Multi-Threading Strategy for MSPs
- 1.Primary: The person who feels the IT pain (IT Manager, Office Manager)
- 2.Economic: The person who approves budget (CFO, Owner, CEO)
- 3.Champion: Someone who's frustrated and will advocate internally
Warning
Building Your Decision Maker List
Here's a step-by-step process for building a targeted contact list:
Step 1
Start with your ICP company filters (size, industry, location, technographics)
Step 2
Segment by company size to determine title strategy
Step 3
Apply appropriate title/seniority filters for each segment
Step 4
Filter for verified emails only (avoid bounces, protect reputation)
Step 5
Add secondary contacts for multi-threading on priority accounts
Pro Tip
Key Takeaways
- 1Company size determines title strategy: Under 30 = owners, 30-75 = operations/office managers, 75+ = dedicated IT roles.

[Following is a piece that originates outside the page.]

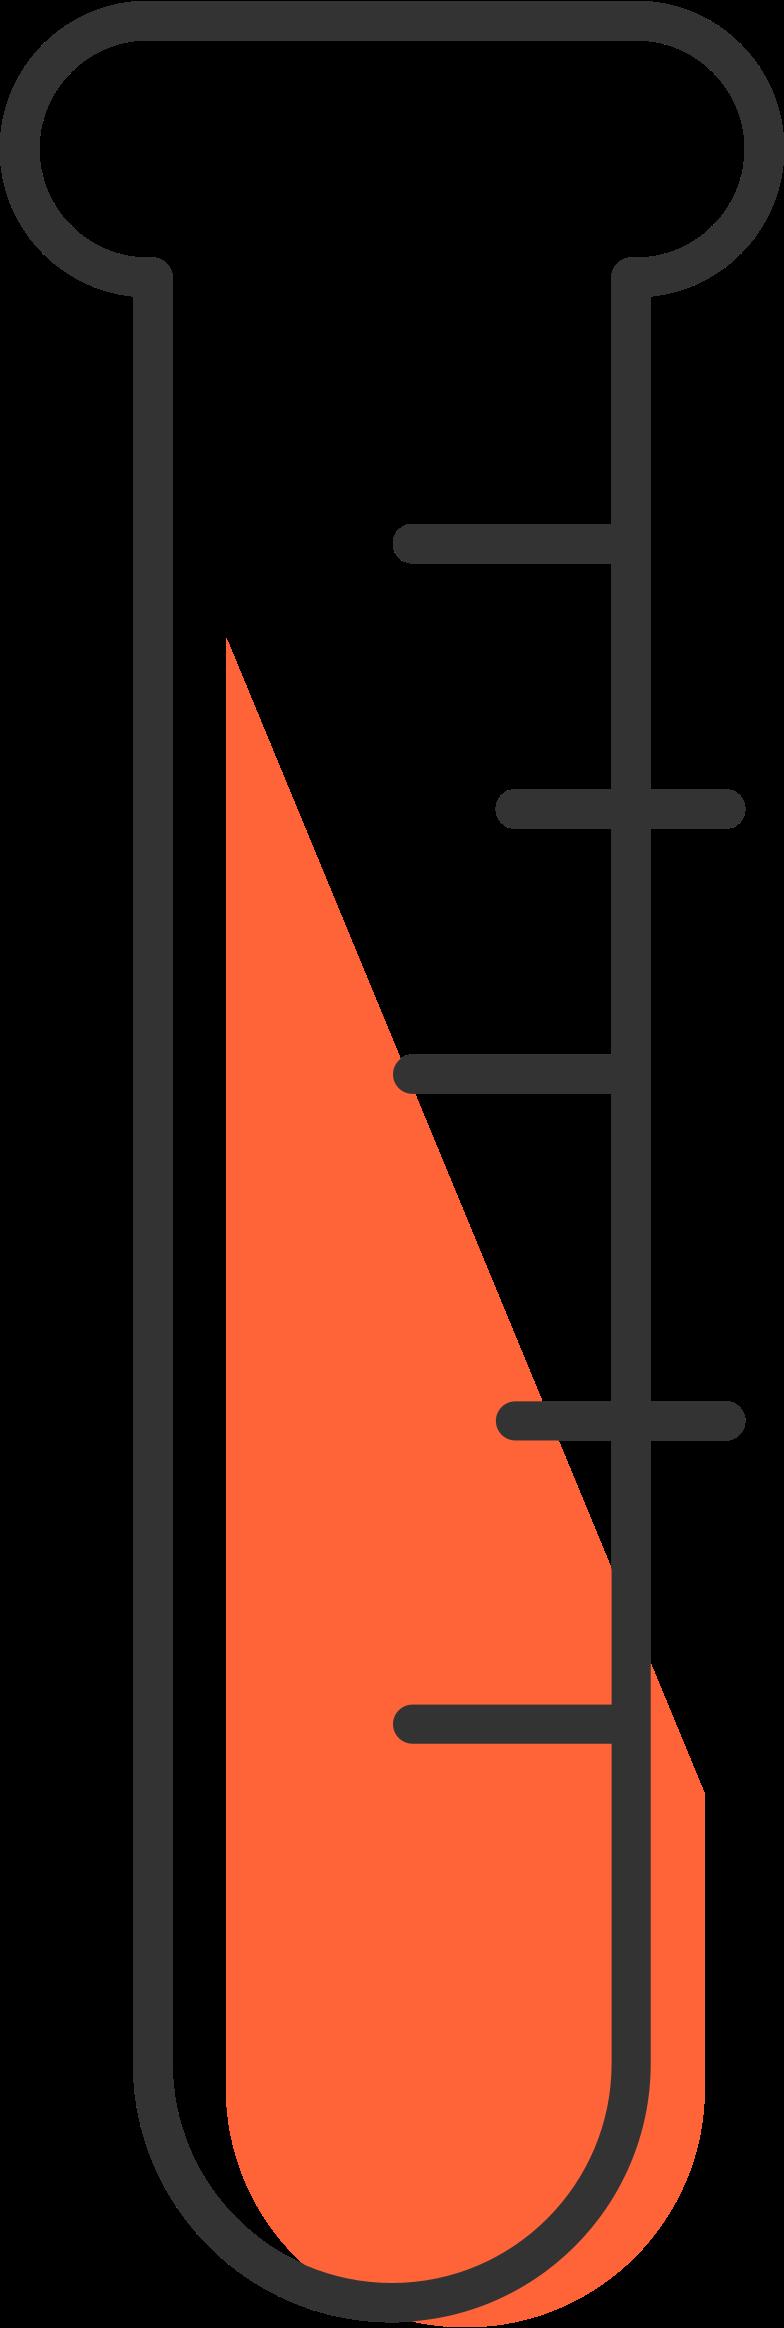 Tubo de ensaio com sangue Clipart illustration in PNG, SVG

- 2Search multiple title variations: IT Director, Technology Manager, Systems Administrator — cover the variations.
- 3"No IT title" is a signal: Companies without dedicated IT are prime MSP prospects.
- 4Multi-thread for priority accounts: Contact both the technical evaluator and the budget holder.
- 5Quality over quantity: 100 right contacts beat 1,000 random ones.